> Description of the task: With pictures excluded, copy word for word the lines in the data below from the line containing "#1v夏季新款短袖T恤Pol" through the line containing "Dieser Finn Juhl".

> Given records:
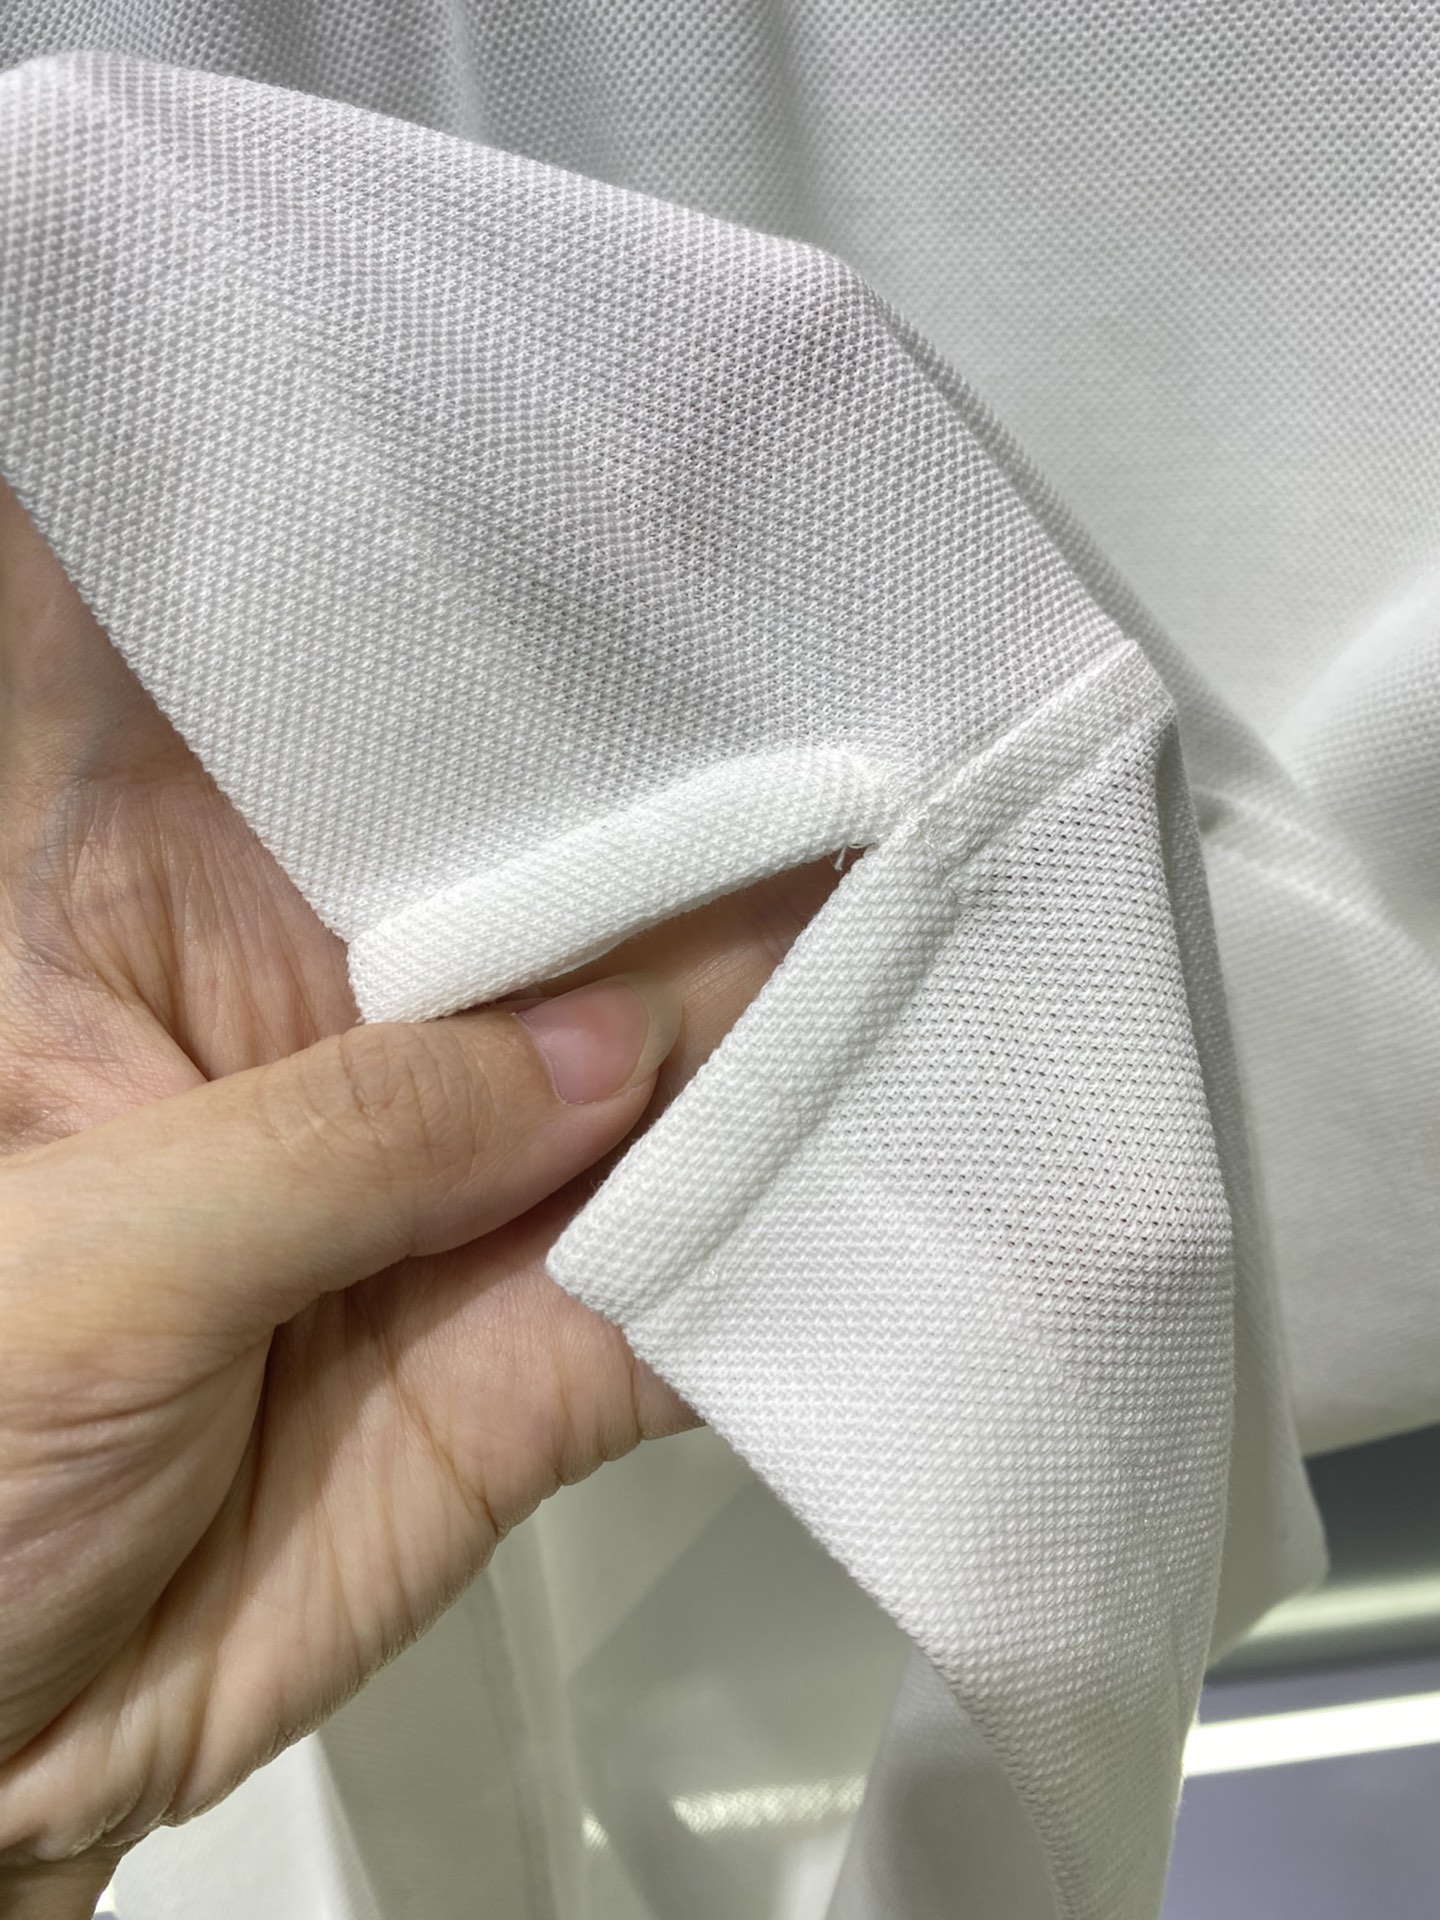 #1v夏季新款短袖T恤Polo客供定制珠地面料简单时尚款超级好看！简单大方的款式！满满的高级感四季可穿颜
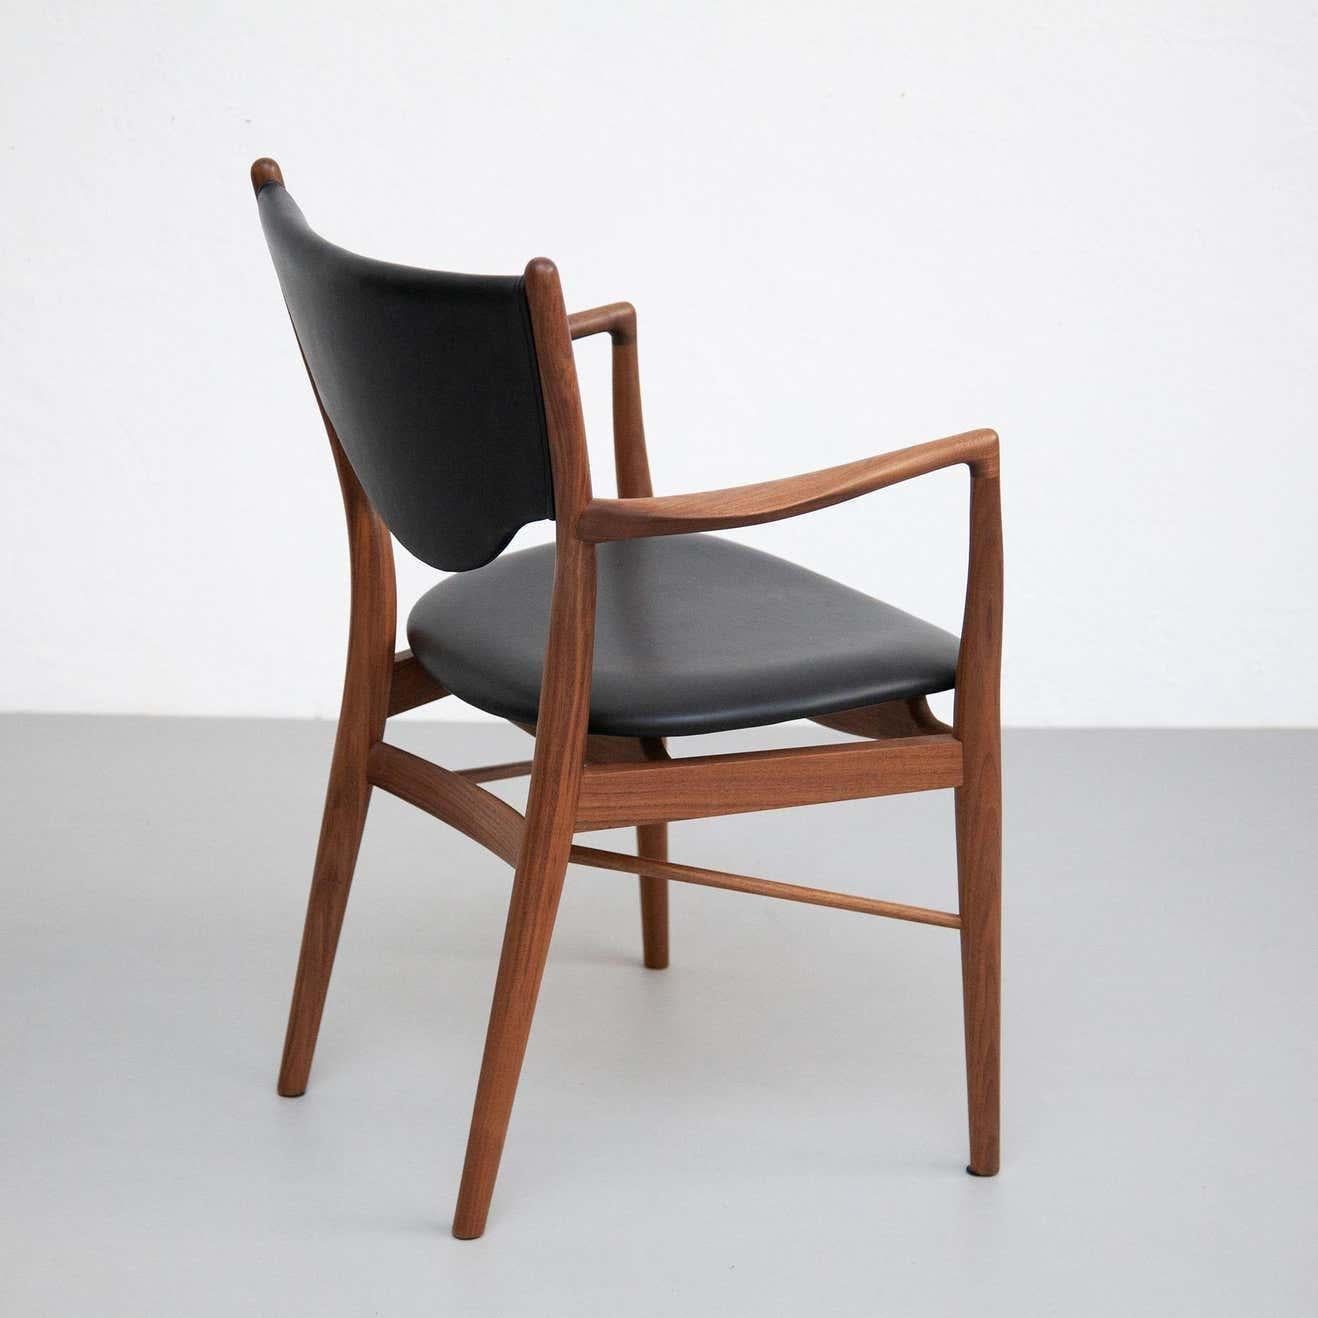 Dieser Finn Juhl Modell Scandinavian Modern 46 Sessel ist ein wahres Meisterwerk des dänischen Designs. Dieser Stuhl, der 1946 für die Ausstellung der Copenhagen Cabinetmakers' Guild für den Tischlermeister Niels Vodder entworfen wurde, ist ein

---

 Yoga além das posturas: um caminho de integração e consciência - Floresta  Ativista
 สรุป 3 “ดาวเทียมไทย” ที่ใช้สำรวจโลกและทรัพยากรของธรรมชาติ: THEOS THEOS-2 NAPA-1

> Expected answer:
 #1v夏季新款短袖T恤Polo客供定制珠地面料简单时尚款超级好看！简单大方的款式！满满的高级感四季可穿颜
 Dieser Finn Juhl Modell Scandinavian Modern 46 Sessel ist ein wahres Meisterwerk des dänischen Designs. Dieser Stuhl, der 1946 für die Ausstellung der Copenhagen Cabinetmakers' Guild für den Tischlermeister Niels Vodder entworfen wurde, ist ein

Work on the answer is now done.